CVJul 14, 2025

Binomial Self-Compensation: Mechanism and Suppression of Motion Error in Phase-Shifting Profilometry

arXiv:2507.10009v1h-index: 4
Originality Incremental advance
AI Analysis

This addresses motion-induced inaccuracies in high-precision 3D scanning, offering a domain-specific incremental improvement.

The paper tackles motion error in phase-shifting profilometry for dynamic 3D scanning by proposing binomial self-compensation methods, with I-BSC reducing computational complexity by one polynomial order and accelerating frame rates by several to dozen times while enabling quasi-single-shot depth maps.

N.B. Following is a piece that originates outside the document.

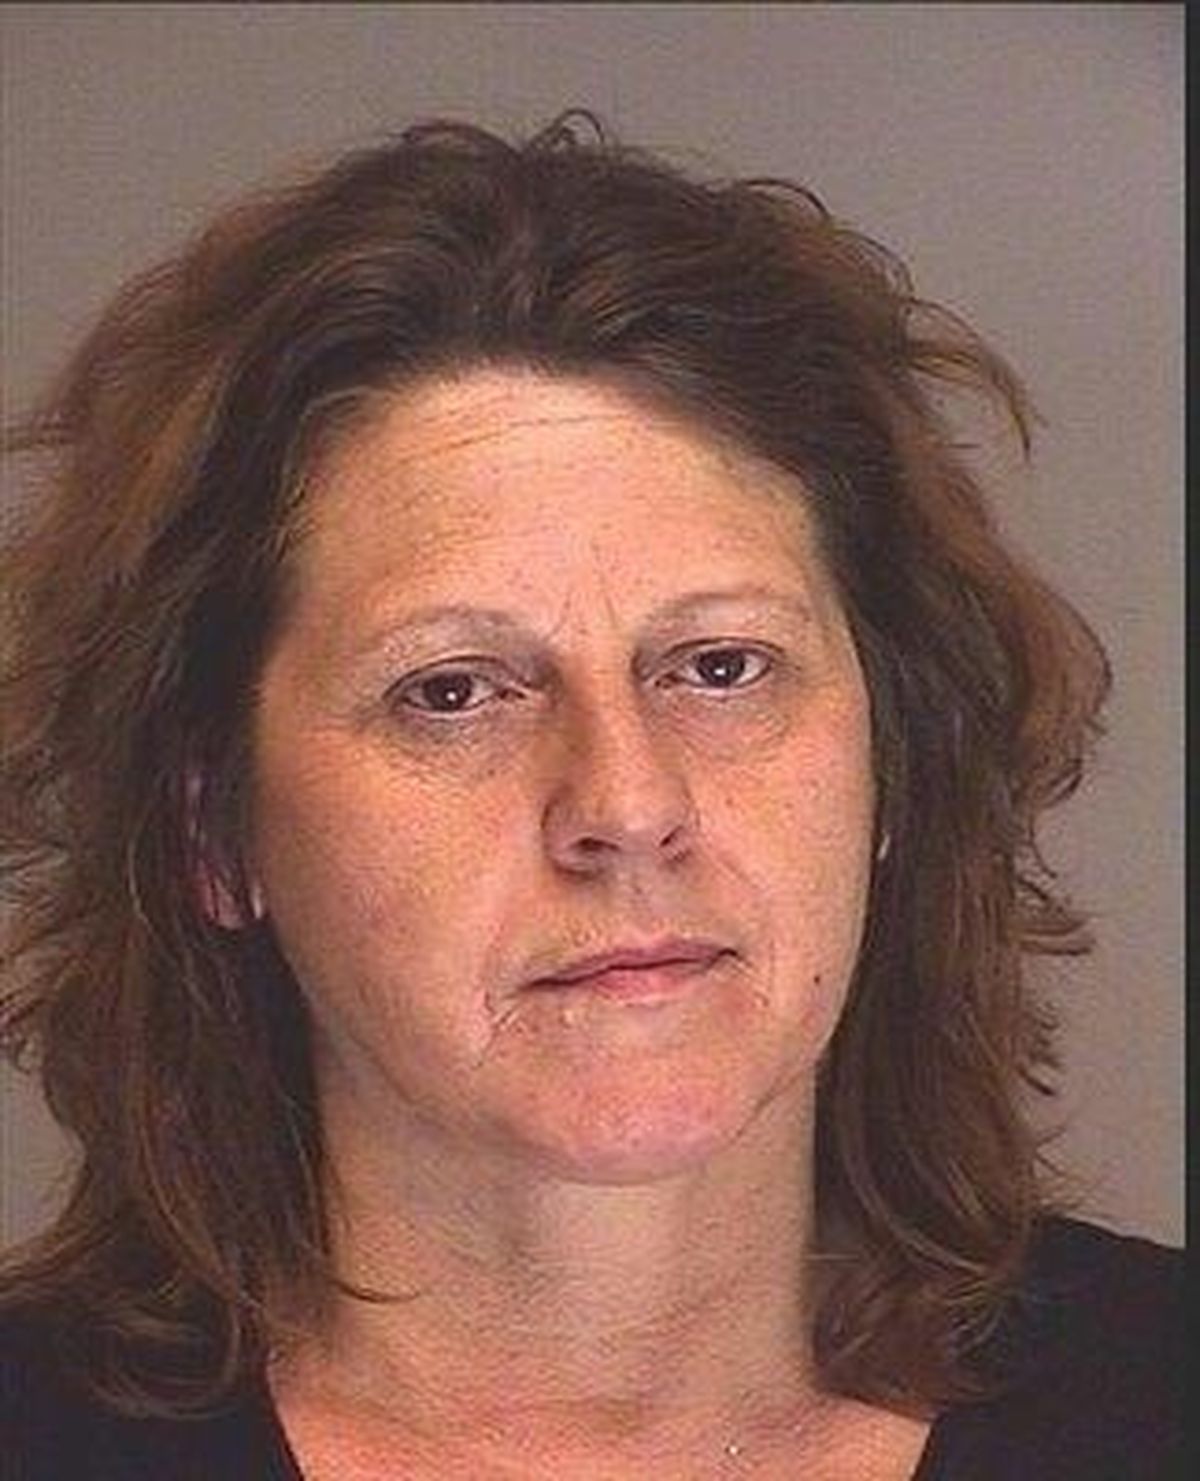 REPEAT OFFENDER: Tami Jo Hearn, AKA Tami Jo Raider, is a 51-year-old female wanted for failing to report to jail to serve her sentence for attempted first degree theft. She is 5-foot-4-inches, 185 pounds and has red hair and brown eyes.  Hearn’s last address given was in the 2000 block of W. Broadway in Spokane. She has a 29-year-old local criminal history, including convictions for second-degree possession of a stolen vehicle, first-degree theft, second-degree theft, forgery, second-degree possession of a stolen credit card, possession of a controlled substance and second-degree identity theft. (Crime Stoppers)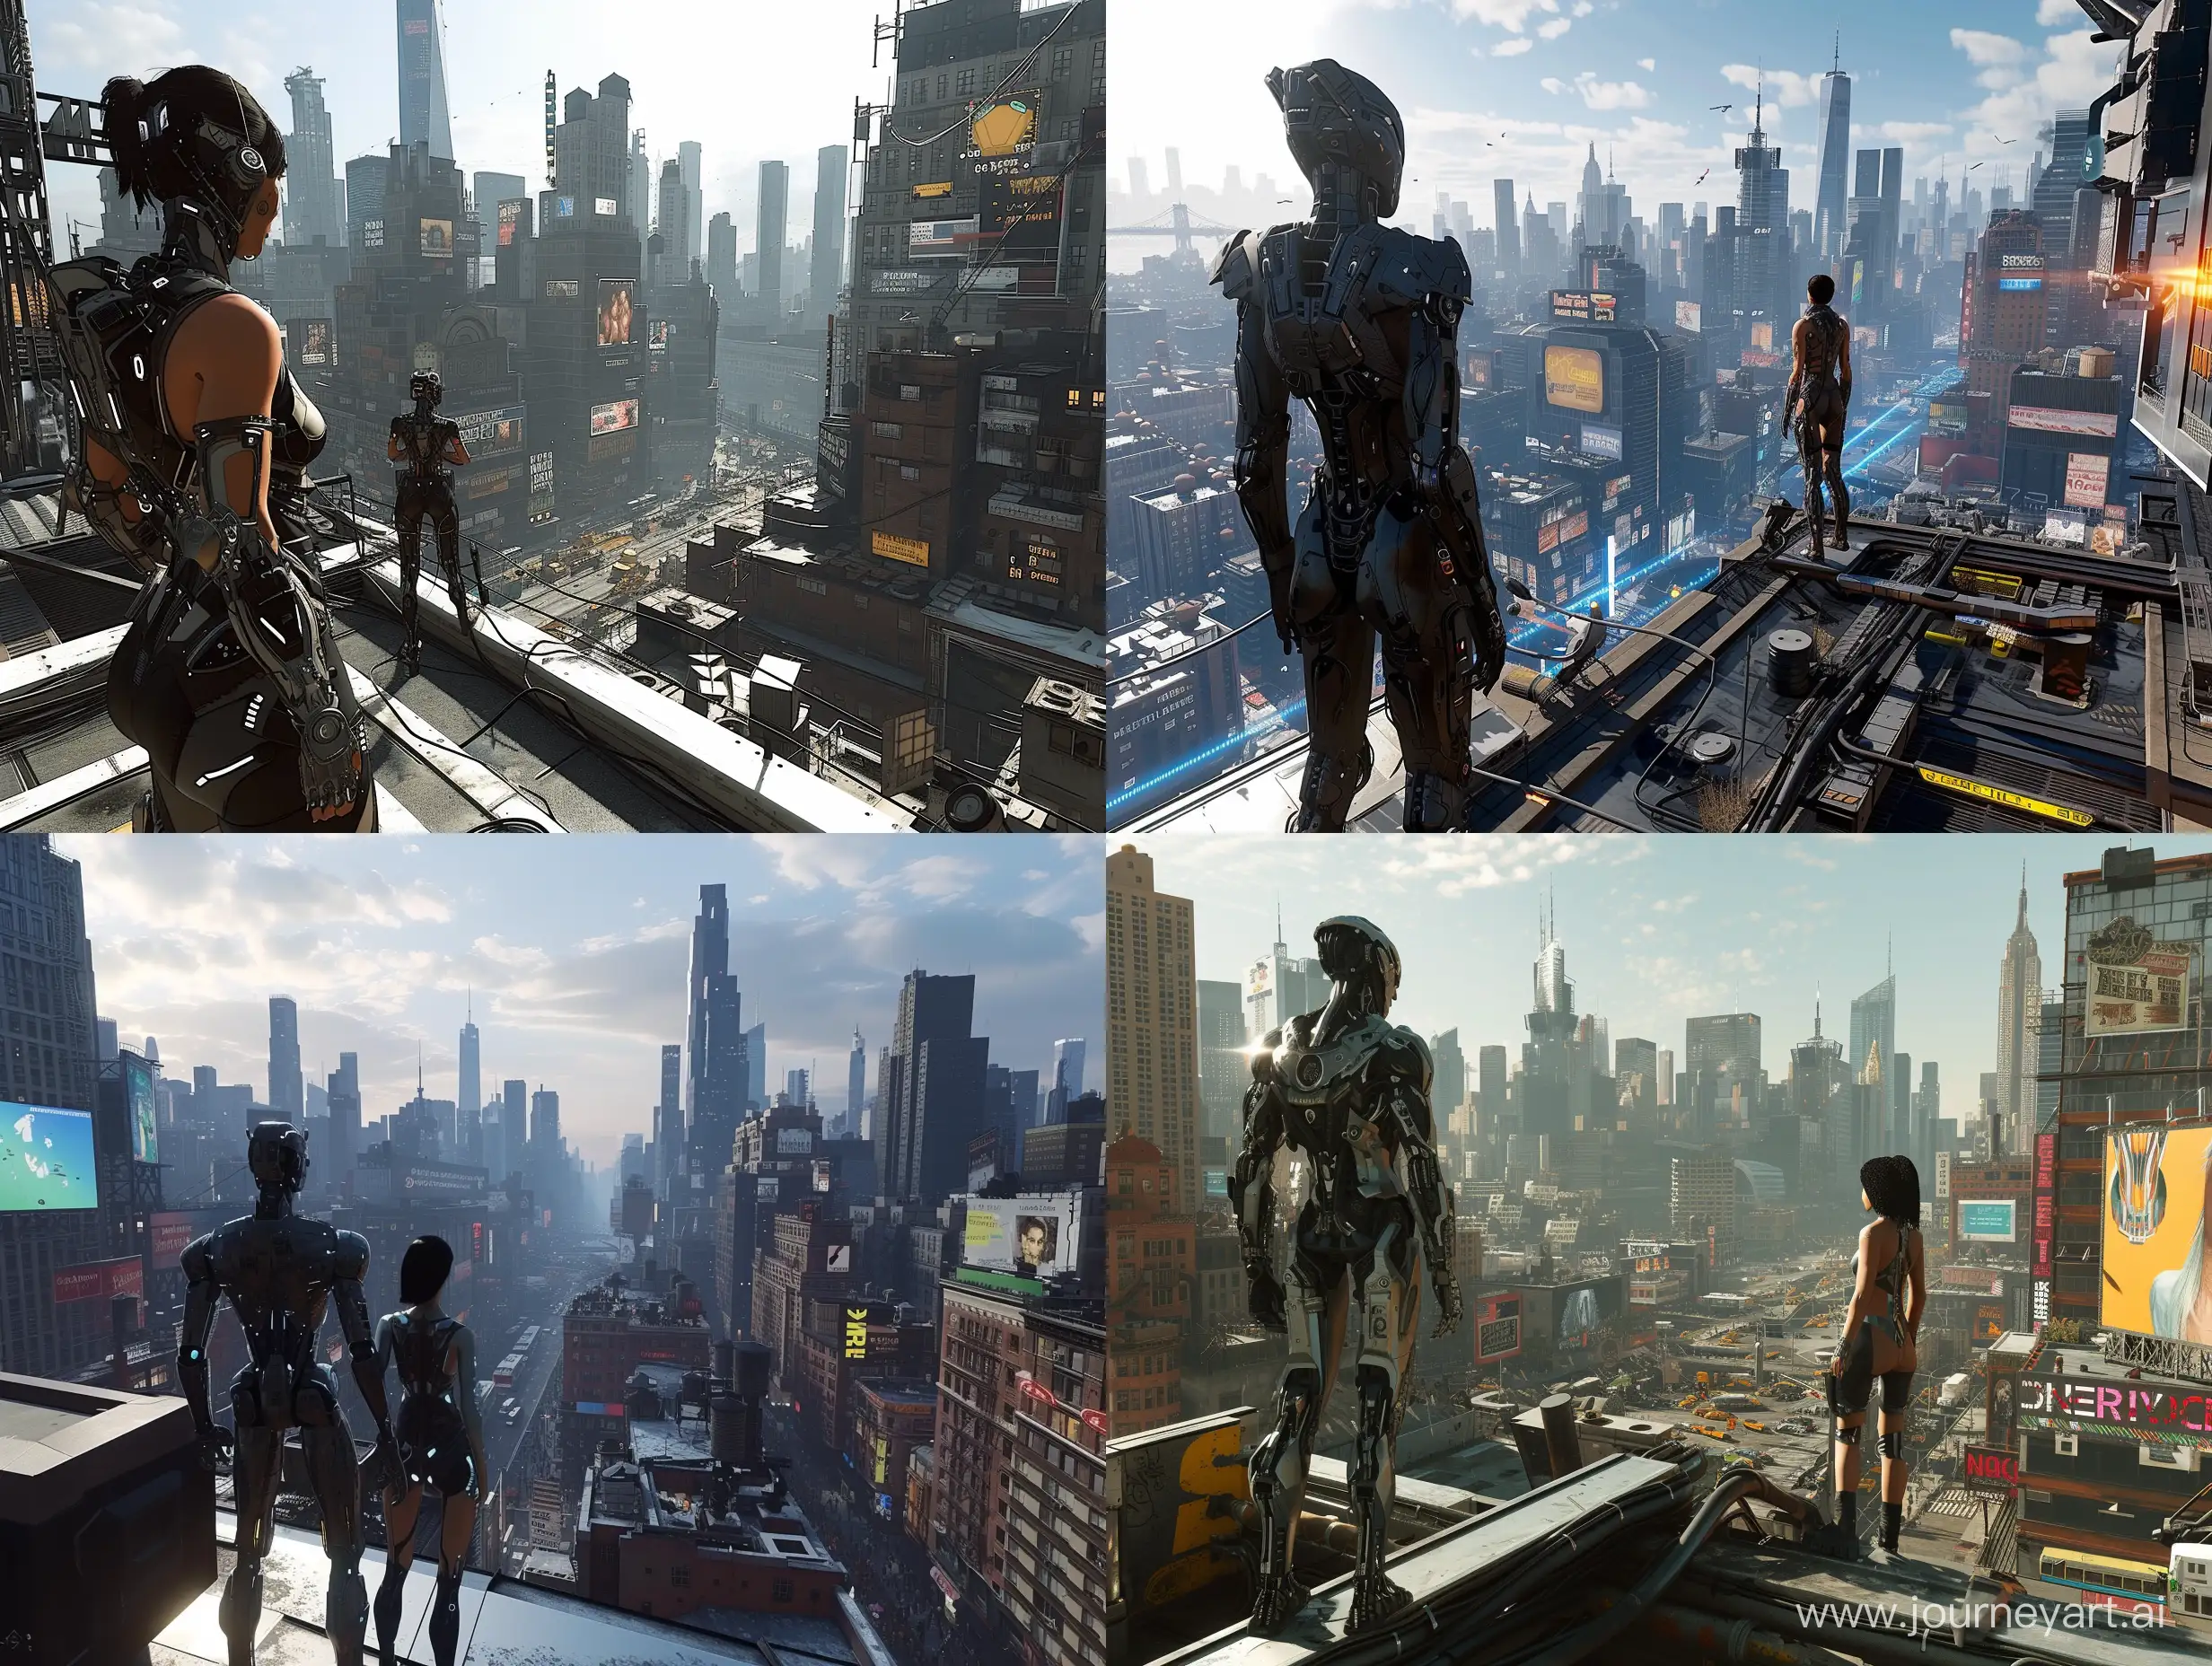 A screen capture shows a first-person view of a cybernetic man and woman standing on a rooftop with natural lighting. The bustling New York Manhattan skyline is visible, creating a science fiction world. The scene captures an open world area with transportation, skyscrapers, residences, commercials, and infrastructures. Visuals, 35mm.

Phase shifting profilometry (PSP) is widely used in high-precision 3D scanning due to its high accuracy, robustness, and pixel-wise handling. However, a fundamental assumption of PSP that the object should remain static does not hold in dynamic measurement, making PSP susceptible to object motion. To address this challenge, our proposed solution, phase-sequential binomial self-compensation (P-BSC), sums successive motion-affected phase frames weighted by binomial coefficients. This approach exponentially reduces the motion error in a pixel-wise and frame-wise loopable manner. Despite its efficacy, P-BSC suffers from high computational overhead and error accumulation due to its reliance on multi-frame phase calculations and weighted summations. Inspired by P-BSC, we propose an image-sequential binomial self-compensation (I-BSC) to weight sum the homogeneous fringe images instead of successive phase frames, which generalizes the BSC concept from phase sequences to image sequences. I-BSC computes the arctangent function only once, resolving both limitations in P-BSC. Extensive analysis, simulations, and experiments show that 1) the proposed BSC outperforms existing methods in reducing motion error while achieving a quasi-single-shot frame rate, i.e., depth map frame rate equals to the camera's acquisition rate, enabling 3D reconstruction with high pixel-depth-temporal resolution; 2) compared to P-BSC, our I-BSC reduces the computational complexity by one polynomial order, thereby accelerating the computational frame rate by several to dozen times, while also reaching faster motion error convergence.